An estimate of rpc of 0.75 for a given trait has been suggested to be the threshold above which addition of CB phenotypes in genetic evaluation of PB selection candidates does not materially improve the selection response in CB animals compared to just using PB phenotypes (van Grevenhof et al., 2015; Iversen et al., 2017; Wientjes et al., 2020). Our findings show that none of the five traits fully meet this minimum threshold. Across populations, each trait had at least one rpc less than 0.75 
(Table 2). NBA > 1 kg and TNW would benefit from the inclusion of CB data for both PB populations, whereas TNB, NBA, and LWW may benefit from the inclusion of CB data for PB Yorkshire selection. The standard errors on these estimates of rpc, however, put substantial uncertainty on these assessments. As such, it would be beneficial to continue recording data from the CB population to improve estimates of rpc and increase the accuracy of selection for CB performance in the two PB lines.
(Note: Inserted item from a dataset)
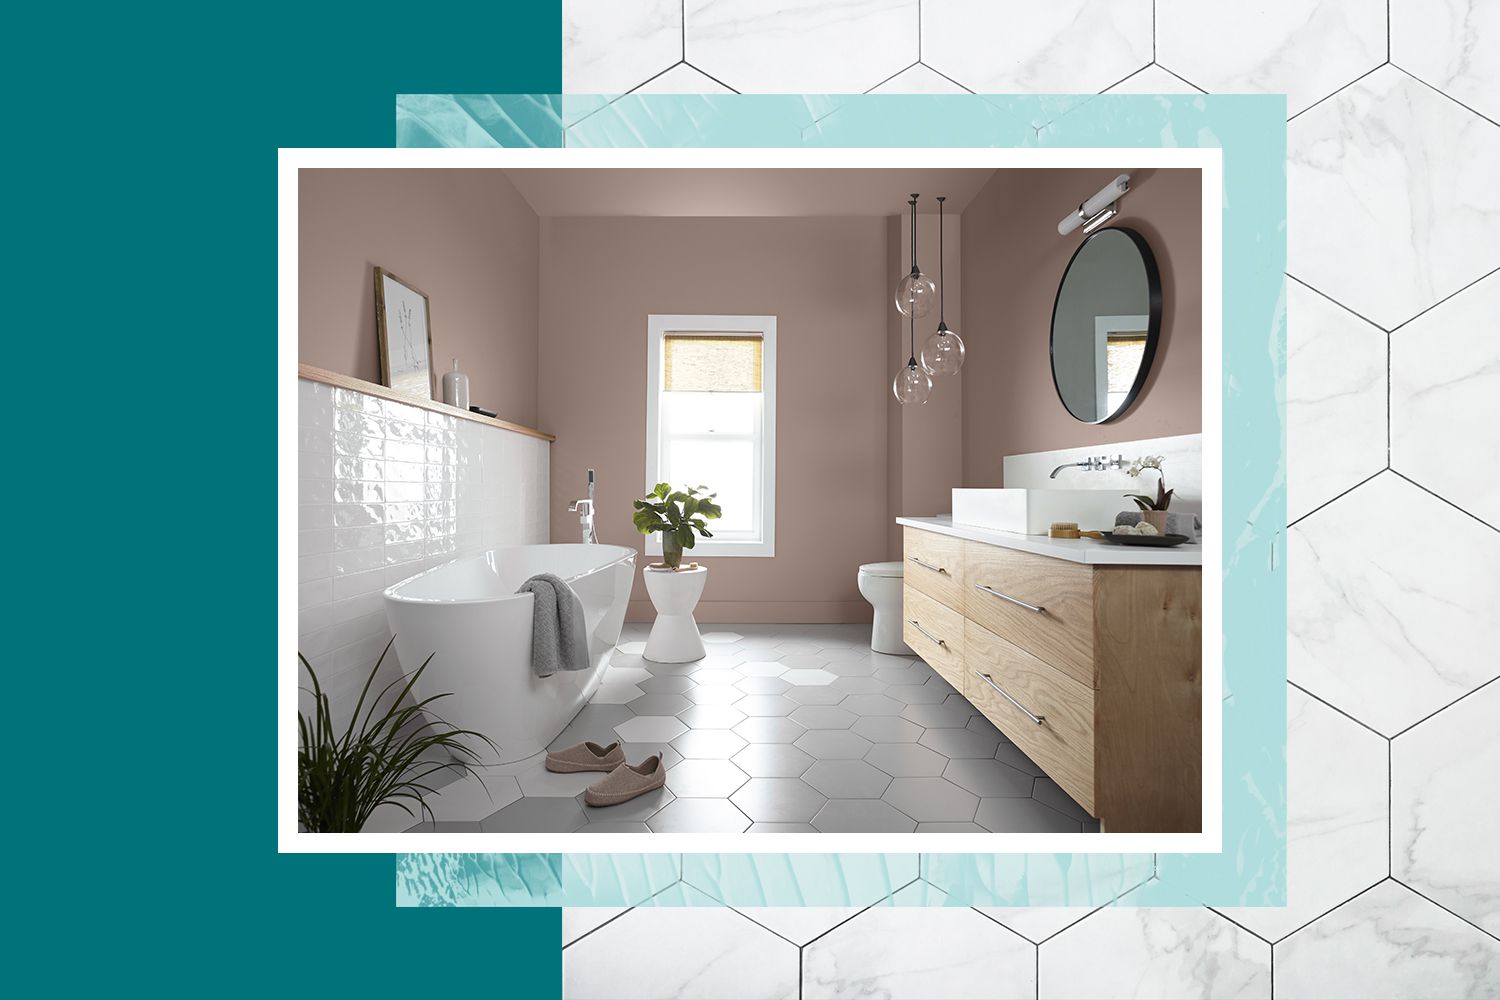 Badezimmer im organischen Modernismus mit Sechseckfliesen, neutraler Farbe, Holzschränken und viel natürlichem Licht

Of particular interest are the high estimates of rpc between different phenotypes in a PB and the CB population, such as between LWW in the CB and TNB in Yorkshire, which was 0.97, though with a large standard error (0.49) (Figure 1). In contrast, the estimate of rpc for LWW for CB and Yorkshire was only 0.6 (+0.3). These results indicate that recording of CB traits may benefit more from across phenotype evaluations than from utilizing the same phenotype from the PB and CB populations. This may be because of differences in management practices between the nucleus and CB herds, which may lead to TNB in PB to be a better genetic indicator of LWW in the CB herd than PB records on LWW. Multiple-trait genetic evaluation methods, with multiple traits in the PB and the CB population, would allow these between phenotype rpc to be capitalized on. The large standard errors associated with these rpc, however, do require careful consideration. Additional data and records may help us to improve these rpc estimates.

Conclusions

This study estimated variance components, heritabilities, and genetic and phenotypic correlations for five economically important maternal phenotypes in pigs. It examined the differences and similarities of these phenotypes in two PB populations and their CB offspring to determine if there is a potential benefit to using CB data for genetic evaluation of PB selection candidates in order to increase genetic improvement for CB performance. Heritability estimates ranged from low to moderate across phenotypes and populations, whereas estimates of rpc between the CB and the two purebred populations ranged from low to high. This range of rpc estimates indicates that there is the potential for improved accuracy of selection by using CB in addition to PB records, with all five phenotypes having at least one PB population that would benefit from the addition of CB data based on estimates of rpc < 0.75. Standard errors of estimates were, however, generally large. Furthermore, estimates of rpc between different phenotypes across the PB and CB populations indicated that selection for improvement of a given CB phenotype may be more effective when based on another, more highly correlated phenotype in the PB population, which can be accommodated by multi-trait genetic evaluation. Availability of additional populations and/or more extensive phenotyping and genotyping of the CB population is needed to further refine the estimates of heritability and rpc to better understand which traits could benefit from the inclusion of CB data in PB selection.

Supplementary Material

skab270_suppl_Supplementary_Tables_S1-S2

Acknowledgments

The authors acknowledge the efforts of the staff at the farms in animal care and data collection. The authors acknowledge funding support received from Genesus Inc., the Government of Canada through Genome Canada and Genome Alberta under the Genomic Applications Partnership Program (GAPP). Genesus Inc. received advisory services and research and development funding for this project through the National Research Council of Canada Industrial Research Assistance Program (NRC IRAP). This study was partially supported by USDA-NIFA grant 2015-67015-22947.

Glossary

Abbreviations

CB

crossbred

GBLUP

genomic best linear unbiased prediction

PB

purebred

ssGBLUP

single-step genomic best linear unbiased prediction

Conflict of interest statement

The authors declare no real or perceived conflicts of interest.